Once you have selected the Projects you wish to compare you can create various reports out of the box to show things like these:
- Studio summary analysis providing the post-edit statistics across all files in the project and an associated value for the work. You can also get an overview at a glance of many of the statistics by reviewing the nicely laid out graphical representations:
- At a more detailed level you can drill into the individual changes and see exactly what changes were made, by whom if track changes are used for the editing, and the Edit Distance calculation (based around the Damerau-Levenshtein method for those of you interested in the theory of these things). In this screenshot you can see segment 16 was the result of post-editing a Translation Memory result with a low 50% fuzzy match whereas segment 23 was a post-edit of a Machine Translated segment. The help files with the application explain in some detail what all the columns are for and how they are calculated:
There is a lot more information in the reporting than this, and you have a lot of built in options within the tool itself that can reduce or increase the level of detail you want to see. I also know the developer is very keen to extend the reporting capability as he has built in an excellent reporting tool, so I’m sure your feedback as you use the tool will be welcomed. But for now the only other part I want to look at briefly is the costs shown in the Post-Edit Modifications Analysis… Studio doesn’t report on costs out of the box so this is another nice feature within this tool.

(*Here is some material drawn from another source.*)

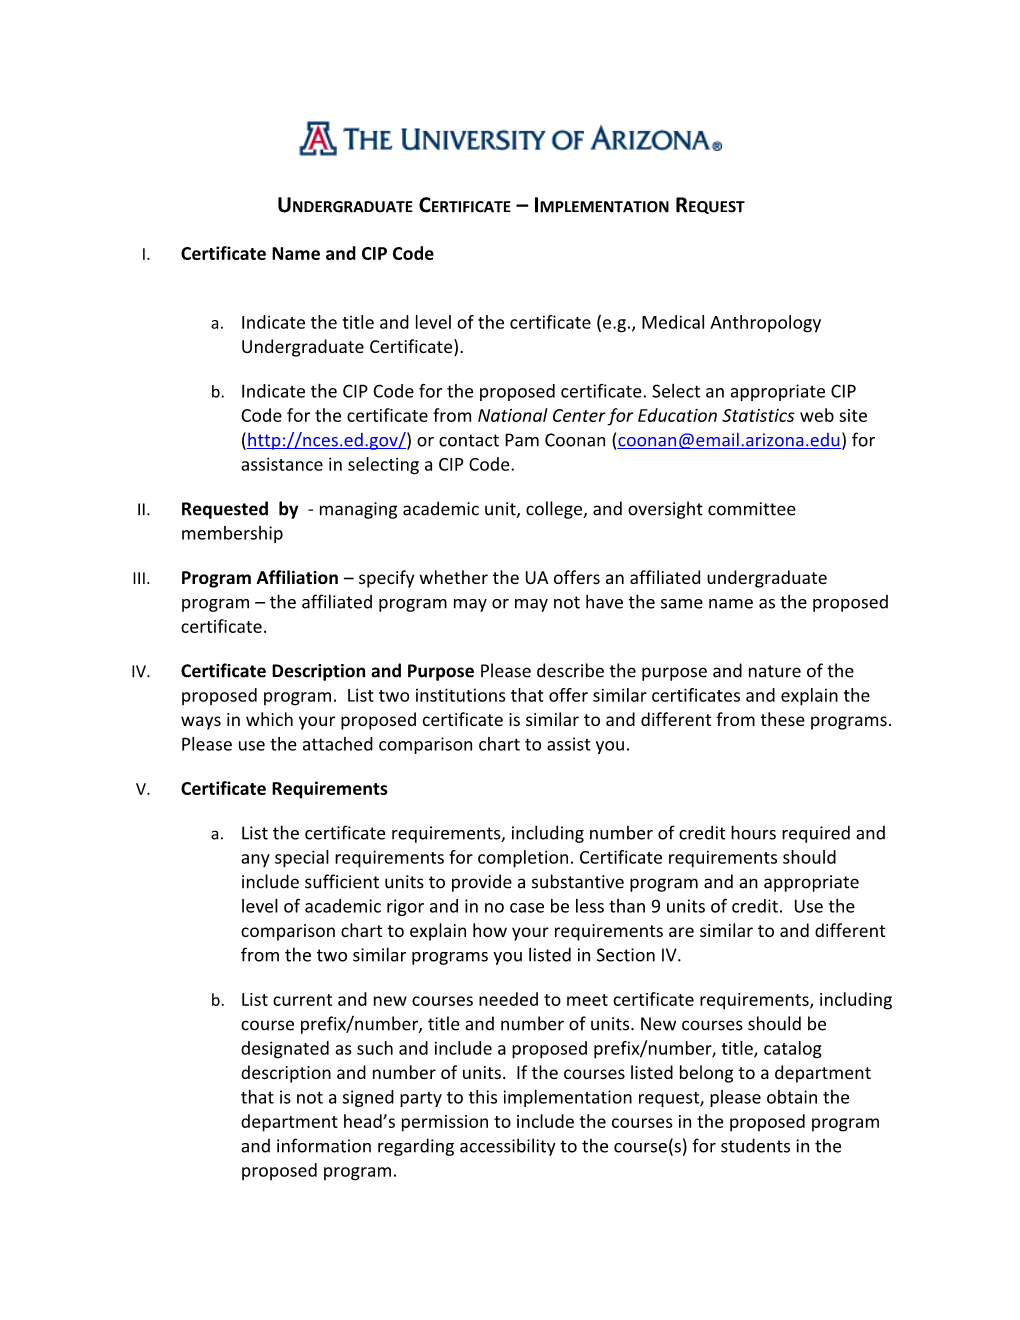 Undergraduate Certificate Implementation Request

The detailed Post-Edit Modification (PEM) calculations allow the application to assign the PEM changes to the appropriate analysis band. So just like Studio these are based on analysis bands (100%, 95% – 99%, 85% – 94% etc.) and it can apply a price calculation based on rates for the different analysis band categories. It does this by storing the rates in something called Price Groups.
These Price Groups are very powerful and they give you the ability to create different price groups for different Companies, or Translators and also for different language pairs. Once you have set these up in the way you wish you can then generate the appropriate costs for the changes in a post-editing Project at the click of a button… more or less!
I’m not going to go into too much detail on this aspect because it would be worth downloading a trial version to take a look yourself. The price of the full version is € 49,99 and in my opinion well worth it. The use cases are numerous… here’s a few off the top of my head:
- An Agency looking for a way to agree appropriate rates for post-editing work and then be able to consistently pay on this basis with different Price Groups for different linguistic requirements perhaps;
- A Translator looking for a way to agree, or charge rates for handling occasional requests for post-editing work. If you are not part of a regular post-editing workflow then it’s a convenient way of playing with the rates to see whether the occasional post-edit assignment can work for you and then store your rates to make it easier in the future;
- A Project Manager can use the Reporting to quickly and easily check the amount of changes needed to correct translation work and then provide appropriate feedback, with accurate details, to the translator to help them meet quality expectations for final delivery of target files… and this could be less editing or more depending on the context.
Whilst I deliberately didn’t go into too much detail around the use of Machine Translation and the different ways of handling compensation for post-editing effort I’d be interested to hear your views on this topic in the comments, and also if you try the application what you thought?